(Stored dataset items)
= Beginning of Section =
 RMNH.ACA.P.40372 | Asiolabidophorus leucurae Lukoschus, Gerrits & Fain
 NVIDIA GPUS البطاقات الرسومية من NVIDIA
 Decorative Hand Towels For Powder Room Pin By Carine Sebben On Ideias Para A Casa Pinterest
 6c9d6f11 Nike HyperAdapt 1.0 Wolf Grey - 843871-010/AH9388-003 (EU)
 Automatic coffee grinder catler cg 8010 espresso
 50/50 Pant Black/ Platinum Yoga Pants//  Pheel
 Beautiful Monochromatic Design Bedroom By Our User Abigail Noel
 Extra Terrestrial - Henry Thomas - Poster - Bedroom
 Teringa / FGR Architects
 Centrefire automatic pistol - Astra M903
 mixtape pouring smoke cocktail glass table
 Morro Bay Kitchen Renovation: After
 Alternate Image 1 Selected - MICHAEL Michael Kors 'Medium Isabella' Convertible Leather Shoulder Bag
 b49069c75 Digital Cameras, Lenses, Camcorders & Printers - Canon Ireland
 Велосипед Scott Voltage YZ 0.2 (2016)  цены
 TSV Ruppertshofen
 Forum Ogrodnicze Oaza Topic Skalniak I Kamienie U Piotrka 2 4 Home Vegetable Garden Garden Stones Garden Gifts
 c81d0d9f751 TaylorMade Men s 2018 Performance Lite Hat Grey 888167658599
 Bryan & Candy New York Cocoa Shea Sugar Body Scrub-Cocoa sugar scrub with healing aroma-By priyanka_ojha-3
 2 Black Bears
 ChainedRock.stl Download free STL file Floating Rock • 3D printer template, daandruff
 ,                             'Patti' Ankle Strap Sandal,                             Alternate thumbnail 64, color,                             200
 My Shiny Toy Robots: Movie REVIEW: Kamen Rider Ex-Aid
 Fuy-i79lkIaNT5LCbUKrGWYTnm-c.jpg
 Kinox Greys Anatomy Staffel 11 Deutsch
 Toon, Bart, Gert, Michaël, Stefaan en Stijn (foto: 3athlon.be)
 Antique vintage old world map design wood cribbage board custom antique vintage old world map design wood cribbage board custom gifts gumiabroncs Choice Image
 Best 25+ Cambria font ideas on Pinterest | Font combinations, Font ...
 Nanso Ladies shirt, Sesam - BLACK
= End of Section =
▸ The task:
Whenever the word "Image" shows up in a line of the entries above, copy that line.

▸ Response:
 Alternate Image 1 Selected - MICHAEL Michael Kors 'Medium Isabella' Convertible Leather Shoulder Bag
 Antique vintage old world map design wood cribbage board custom antique vintage old world map design wood cribbage board custom gifts gumiabroncs Choice Image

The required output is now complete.